Black Hawk Down II? Trump backs Afghanistan parody as Mattis takes fire

Black Hawk Down II? Trump backs Afghanistan parody as Mattis takes fire

Don’t laugh or adjust your sets. Donald Trump really is going ahead with a new military campaign in Afghanistan, despite an army of experts telling him it will only worsen matters. All he needs now is a Hollywood scriptwriter and Alec Baldwin.

James ‘Mad Dog’ Mattis is apparently living up to his namesake. Arriving in the Afghan capital Wednesday to meet with the country’s president, he must have asked himself whether he has taken leave of his senses when a number of rockets were fired at the military side of Kabul airport after Mattis landed.

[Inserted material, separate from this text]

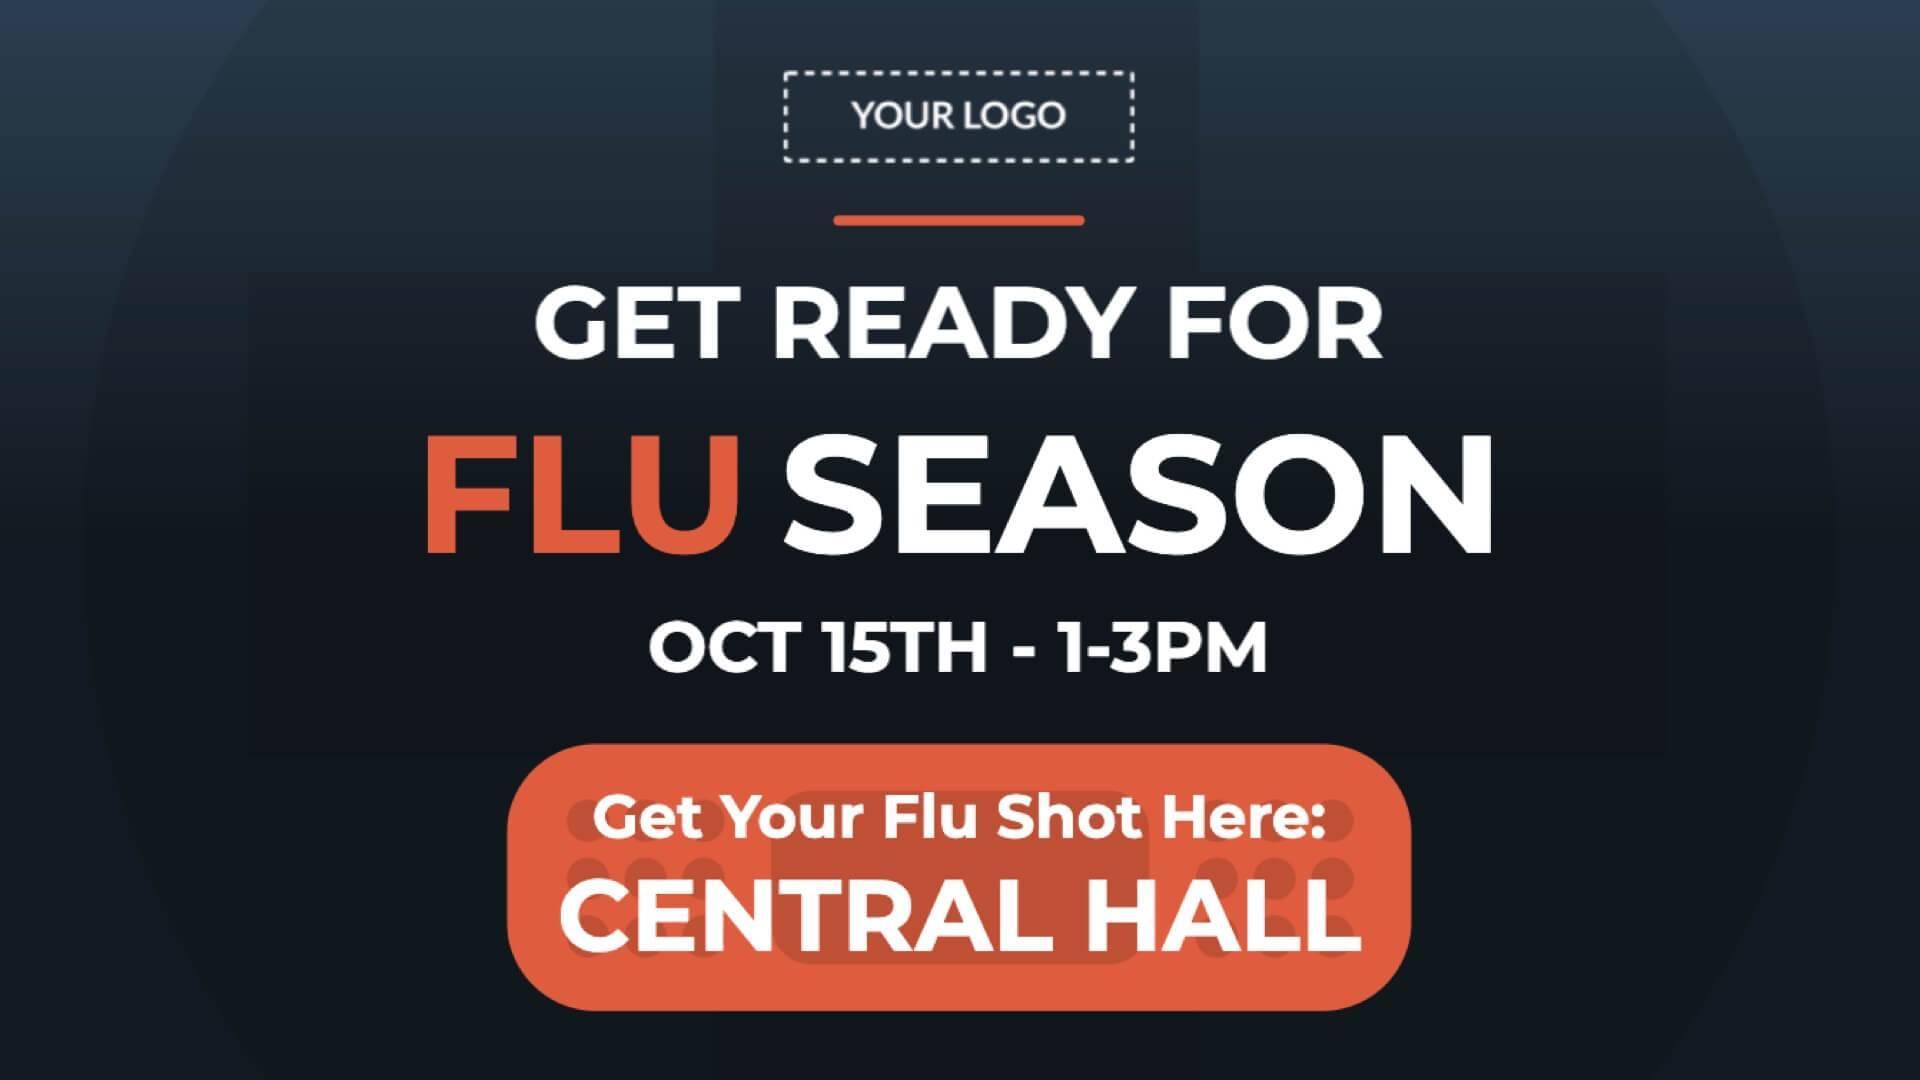 Flu Vaccination Location Digital Signage Template

That’s the high-security military side of Kabul airport, teeming with NATO troops armed with the latest bells-and-whistles assault rifles and body armor.

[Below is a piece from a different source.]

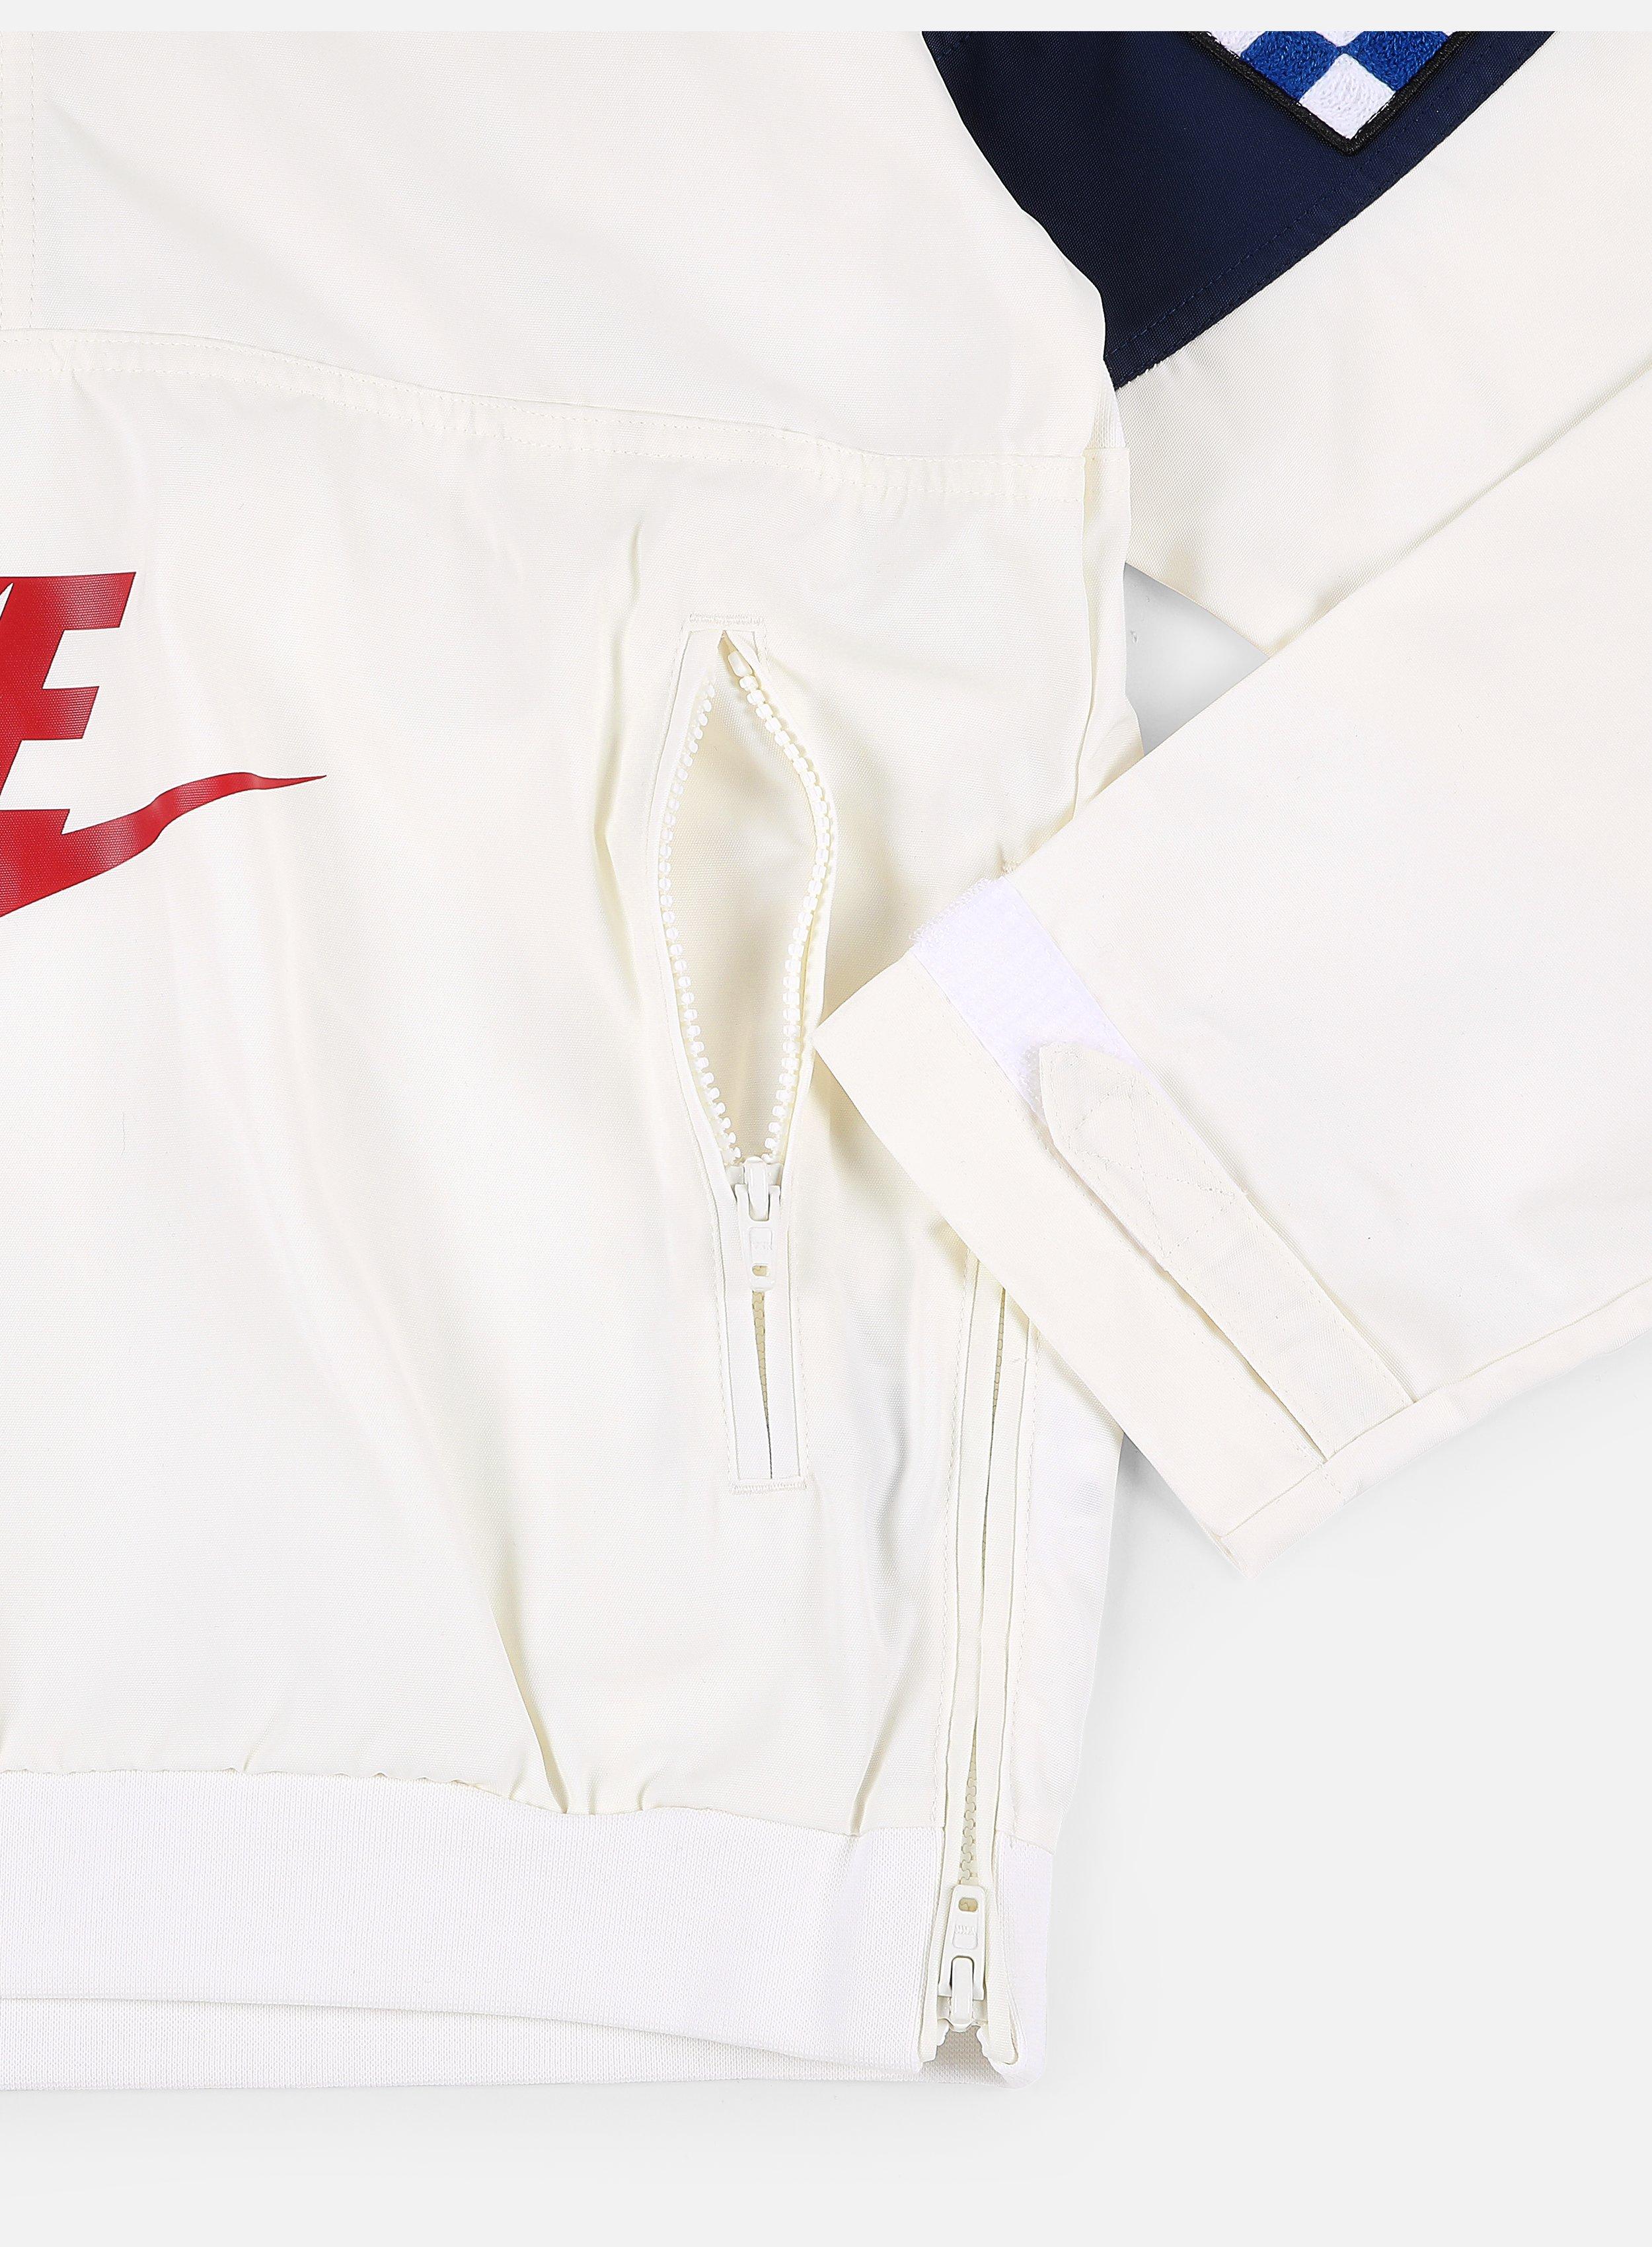 giacche-nike-nsw-reissue-walliwaw-woven-jacket-sail-midnight-navy-midnight-navy-302270-2500-4.jpg

The reports of both Taliban and ISIS accepting responsibility for the shooting match on the secretary of state’s plane are comical. Mattis was actually no longer on the plane when the attack happened, but the incident crystallizes the scope of just how lawless Afghanistan has become in recent years and the herculean task ahead for the retired US army general.

Armed Taliban and ISIS fighters are free to roam around what is supposed to be a military airfield during the visit of the most senior US figure who believes that Afghanistan is winnable. Is this a new sitcom on the Vox Comedy network? Is Alec Baldwin going to appear impersonating the president with US troops in Kandahar and tell them to not look at an eclipse of the sun “as it hurts your eyes”? Or is khaki-clad Christiane Amanpour going to do live pieces to camera talking us through a 'Black Hawk Down' fiasco in the streets of Kabul, days after the Afghan government takes delivery of its new US-made choppers?

What are we witnessing with Trump’s latest Afghanistan ploy to send 3,000 US troops there? Trump is the only US president who positively revels in his own ignorance of the world and actually enjoys rejecting the advice of respected experts, recently ridiculed by The New Yorker as “witless.”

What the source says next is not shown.